Analysts are lowering their earnings estimates for the second half of 2019 and there is a chance earnings for the S&P 500 could be negative for 2019.
In the last two weeks, strategists at Goldman Sachs and Citigroup have reduced 2019 and 2020 earnings estimates for the S&P 500, citing a sluggish economy, trade war threats and potential currency devaluations.
Analysts who study individual stocks also have begun to lower estimates in sectors most affected by global growth and rates: Energy, Technology, Financials and Industrials, all of which have been coming down fast in the last several weeks. Here’s a glance at how third quarter earnings estimates have changed:
Q3 Energy earnings:
July 1: down 13.6%
Today: down 21.8%
Q3 Technology earnings: Q3
July 1: down 6.4%
Today: down 7.4%
Financials earnings: Q3
July 1: up 6.8%
Today: up 4.3%
Industrials earnings: Q3
July 1: up 6%
Today: up 2%
Some sectors are complicated by individual companies not directly tied to tariffs or global trade. Industrial earnings, for example, are complicated by the particular case of Boeing and its issue with the 737 Max jet. Third quarter earnings are estimated to fall 38.5% from expectations earlier in the year.
Amazon has also seen a substantial reduction in earnings for the third quarter, 32%, after its earnings report on July 25th, which has impacted earnings in Consumer Discretionary.
Regardless, tariffs are a major obsession for corporate America. John Butters at Factset notes that nearly one-fourth of the companies in the S&P 500 discussed the term “tariff” on earnings calls for the second quarter, a 40% jump from the second quarter.

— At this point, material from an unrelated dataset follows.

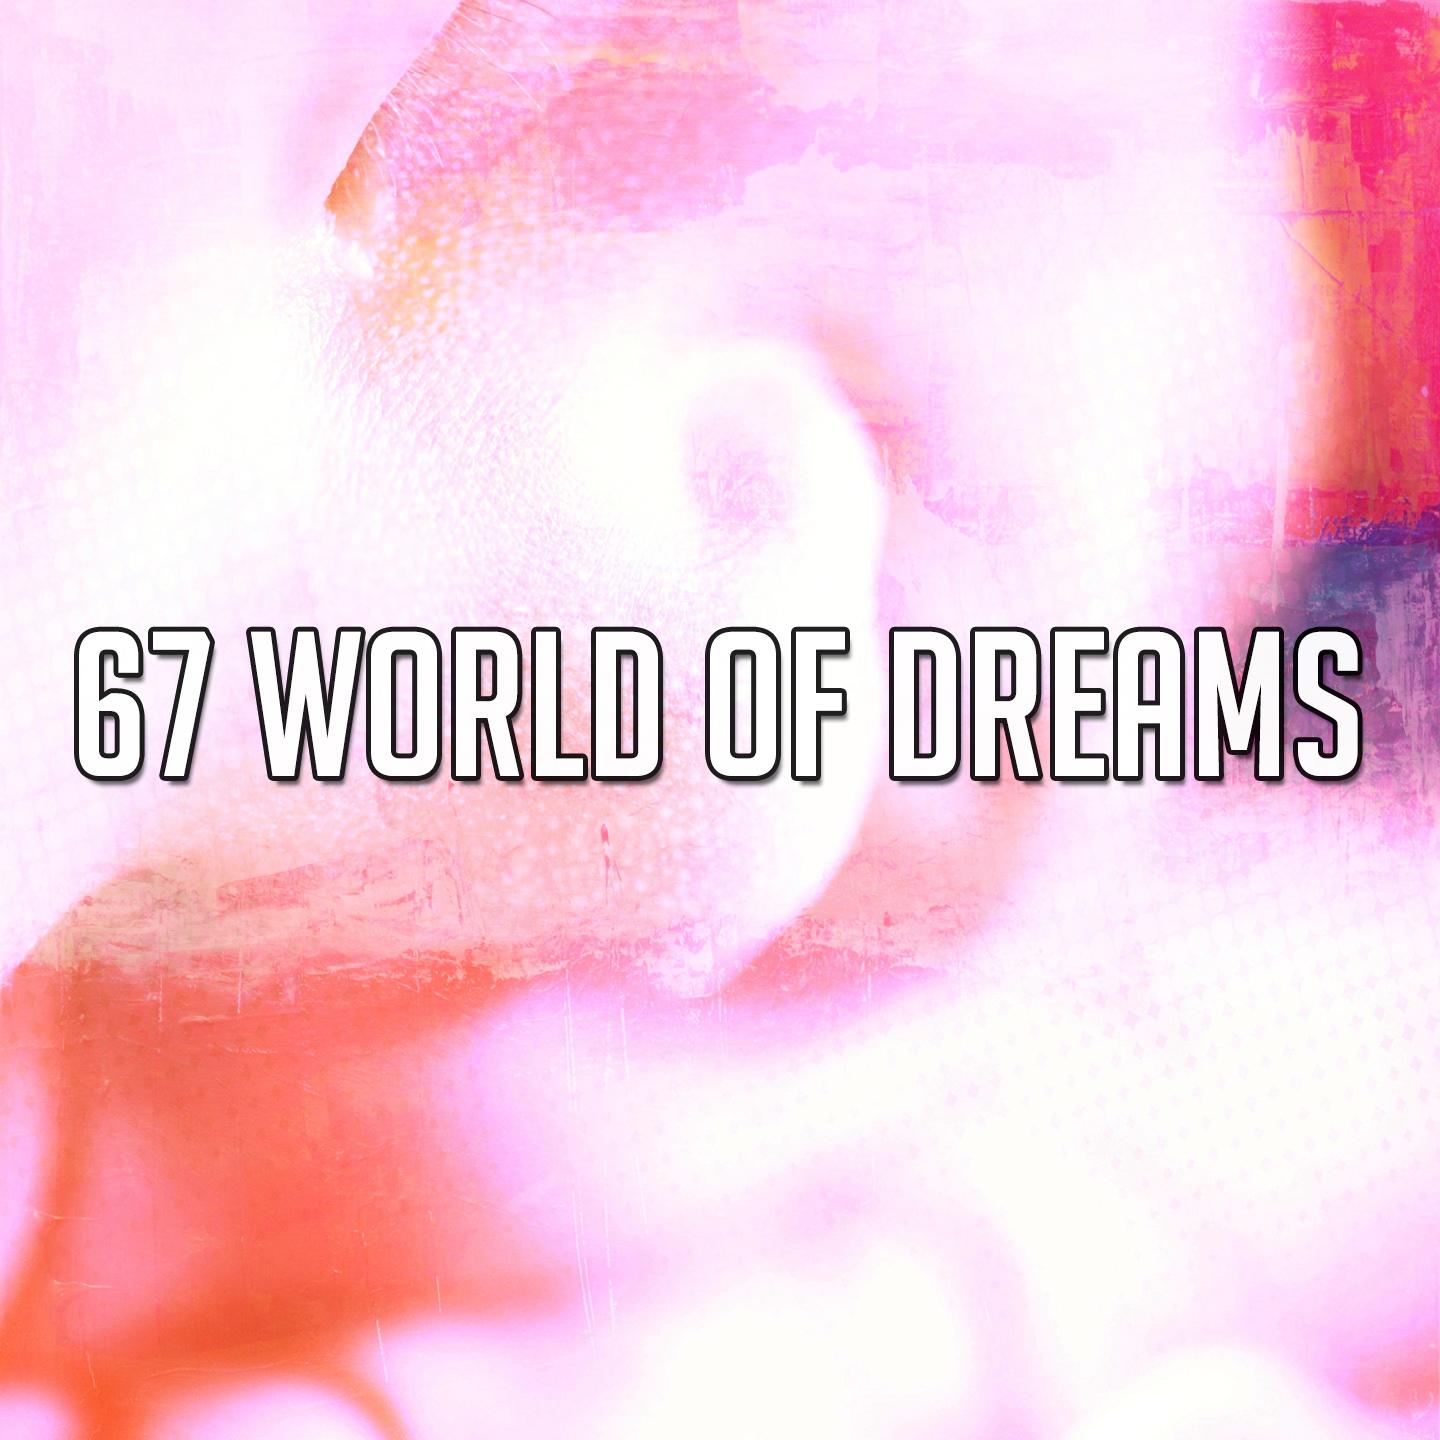 67 World of Dreams

Another source of worry: Estimates for retailers — particularly Specialty Retailers (Gap, Tiffany, L Brands, Ross Stores, Foot Locker, TJX) – are also getting slashed.
July 1: up 8.7%
Today: down 0.2%
“A bunch of the high end retailers could be in trouble if the Chinese economy really goes in the tank,” Leigh Drogen at Estimize told me.
That would include Tiffany, which gets about 16% of its revenues from Mainland China.
“Then there’s simply the tariff issue on our end with price increases that we don’t know if the consumer here can handle,” he said, “especially come holiday shopping time, a bad time to add 10 to 20 percent extra cost to products.”
And don’t forget Apple: 20% of iPhone revenues are from China now, Drogen told me.
Put all the cuts together, and 2019 earnings – which had been described as “flattish” going into August – are now starting to look like they could end up in negative territory.
Alec Young, managing director of global markets research at FTSE Russell, is not surprised.
“Certain areas have become total no-gos,” he said. “Energy and Financials are a total bust. Put your money there if you want to see it evaporate quickly. The global markets are weakening, and the trade truce didn’t last more than two months.”
Could that trade truce be extended? The President has proposed a new round of tariff increases of 10% on an additional $300 billion from China on Sept. 1. Some believe the bar is low to extend the trade truce once again, but Young is not so optimistic.
“The truce may not mean much because it can be tweeted away,” he said. “Until we get an end to tariffs there is a ceiling on the market.”